- _Task objective_
The copy you return must begin at the line containing "Melissa boots; S7, $42" and end at the final line of the listing below, with every picture left out.

- _Collected material_
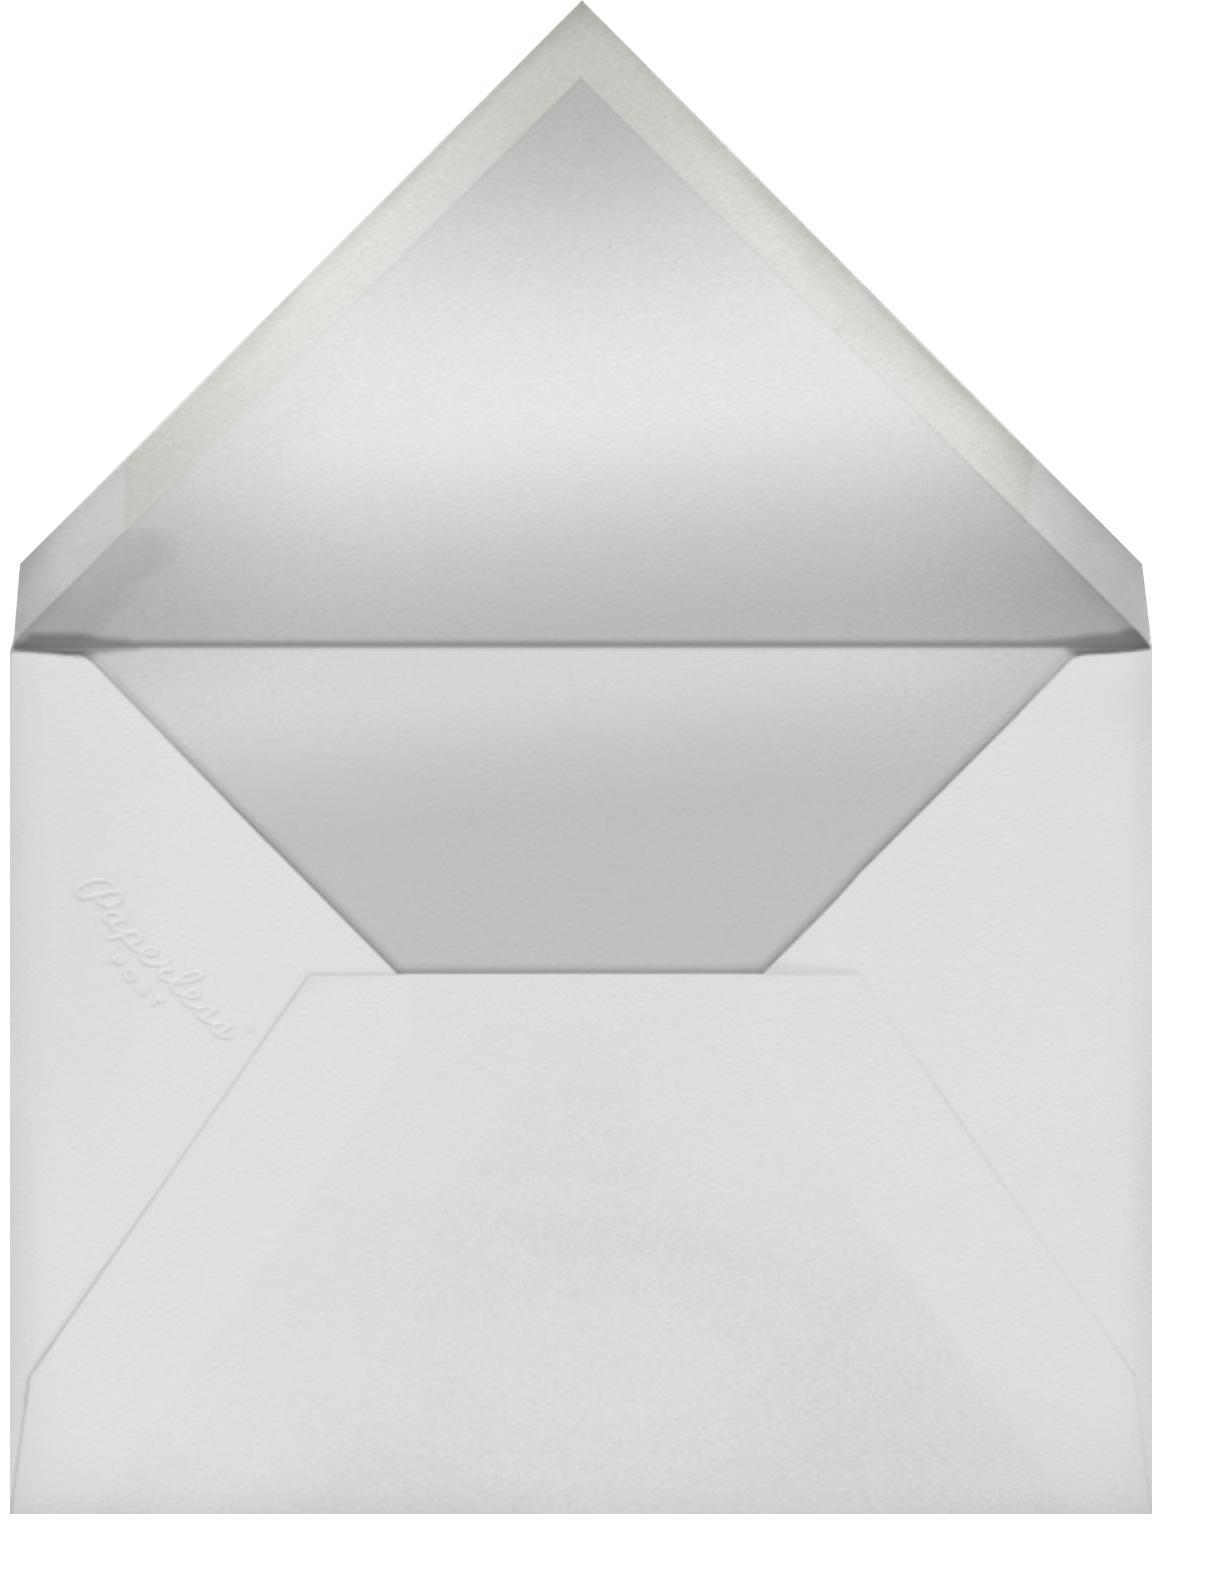 Confetti (Program) - White/Rose Gold - kate spade new york - Menus and programs - envelope back
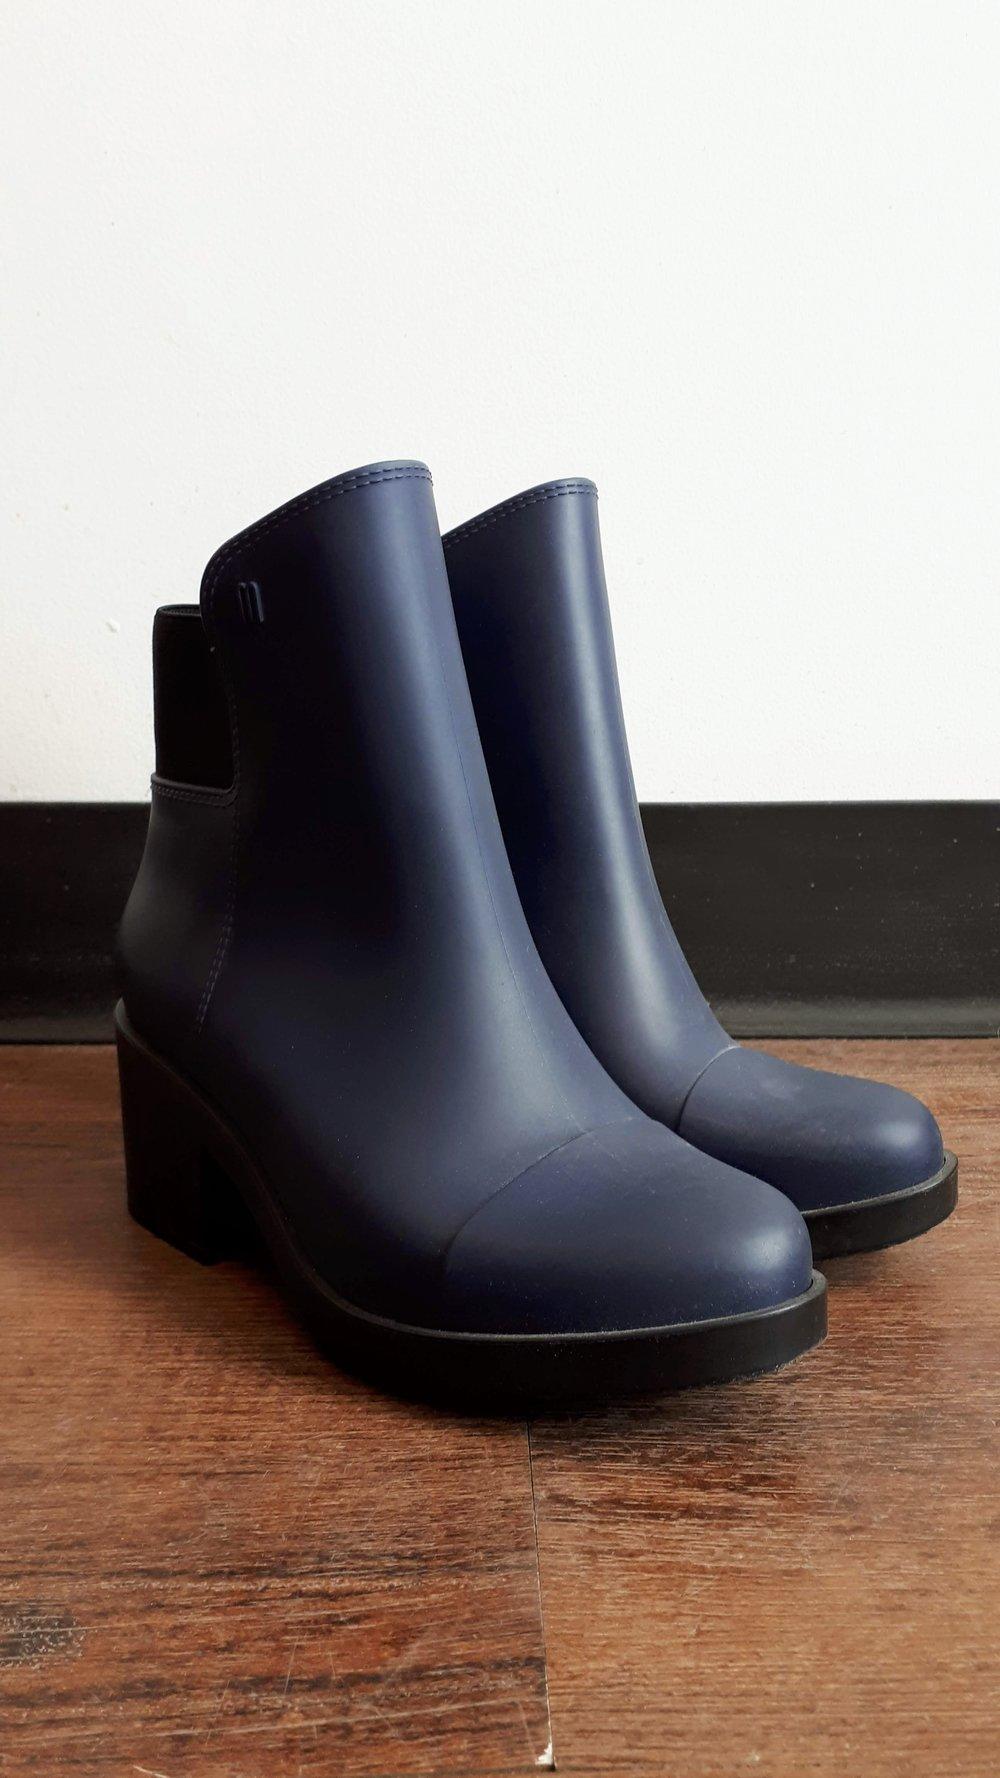 Melissa boots; S7, $42
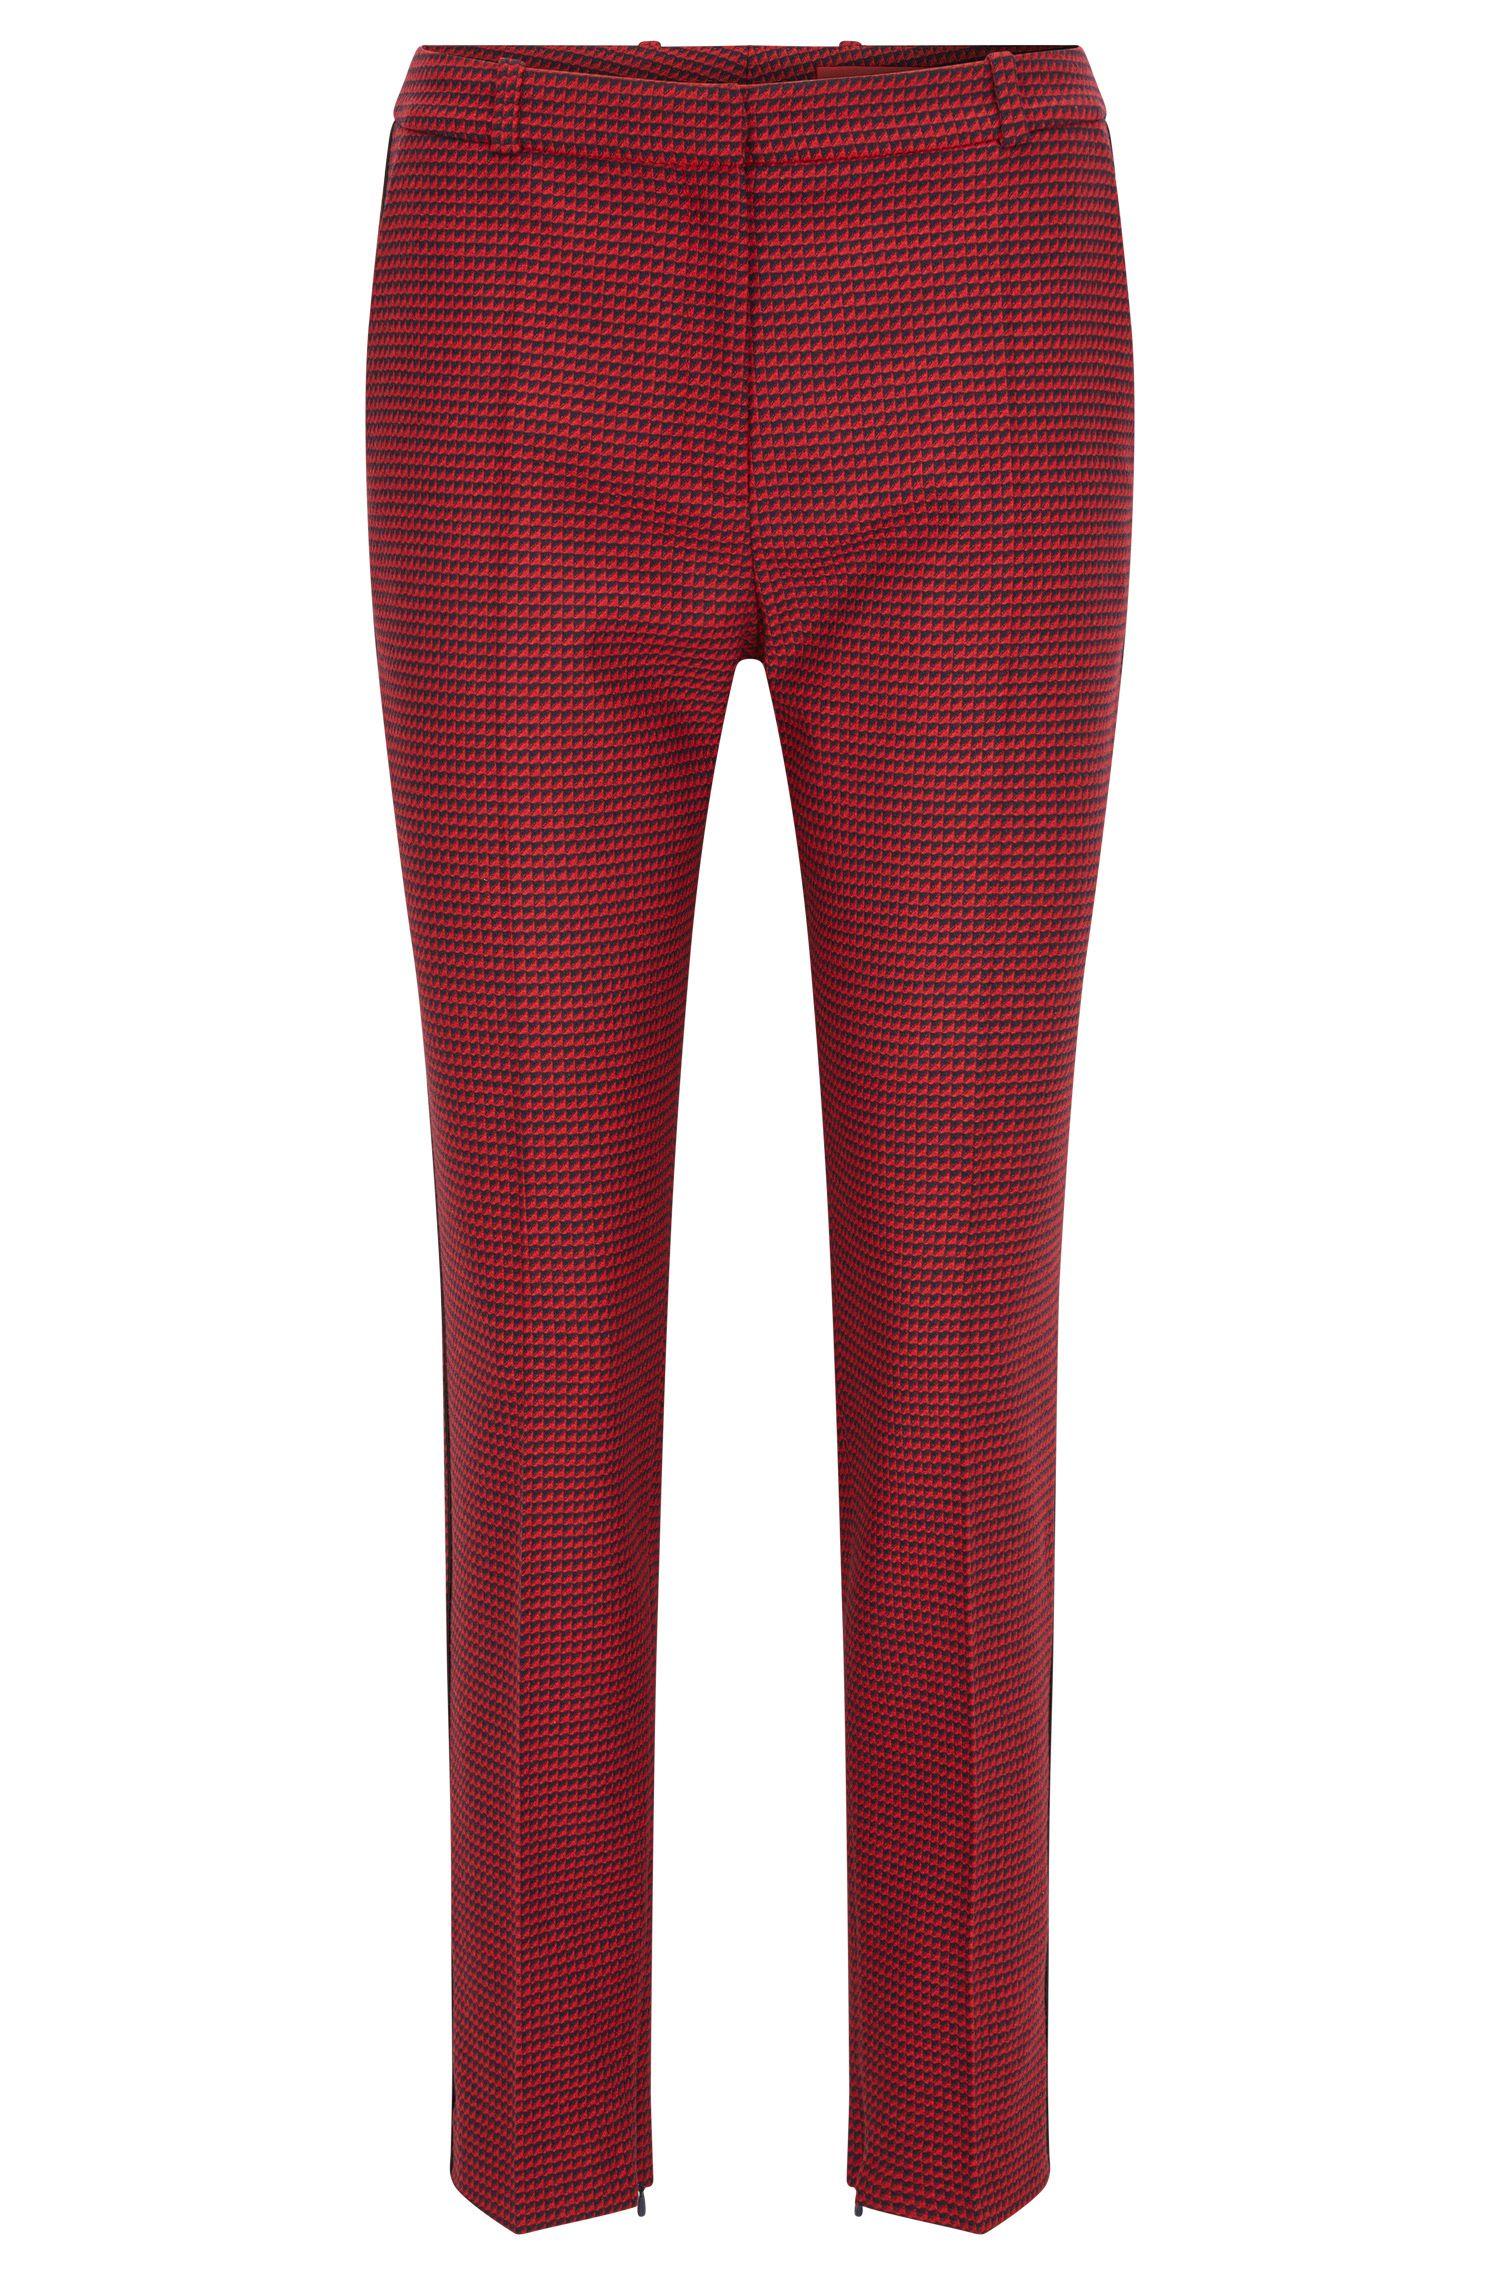 Gemusterte Slim-Fit Hose aus elastischem Material-Mix mit Wolle

- _Output for this exercise_
 Melissa boots; S7, $42
 Gemusterte Slim-Fit Hose aus elastischem Material-Mix mit Wolle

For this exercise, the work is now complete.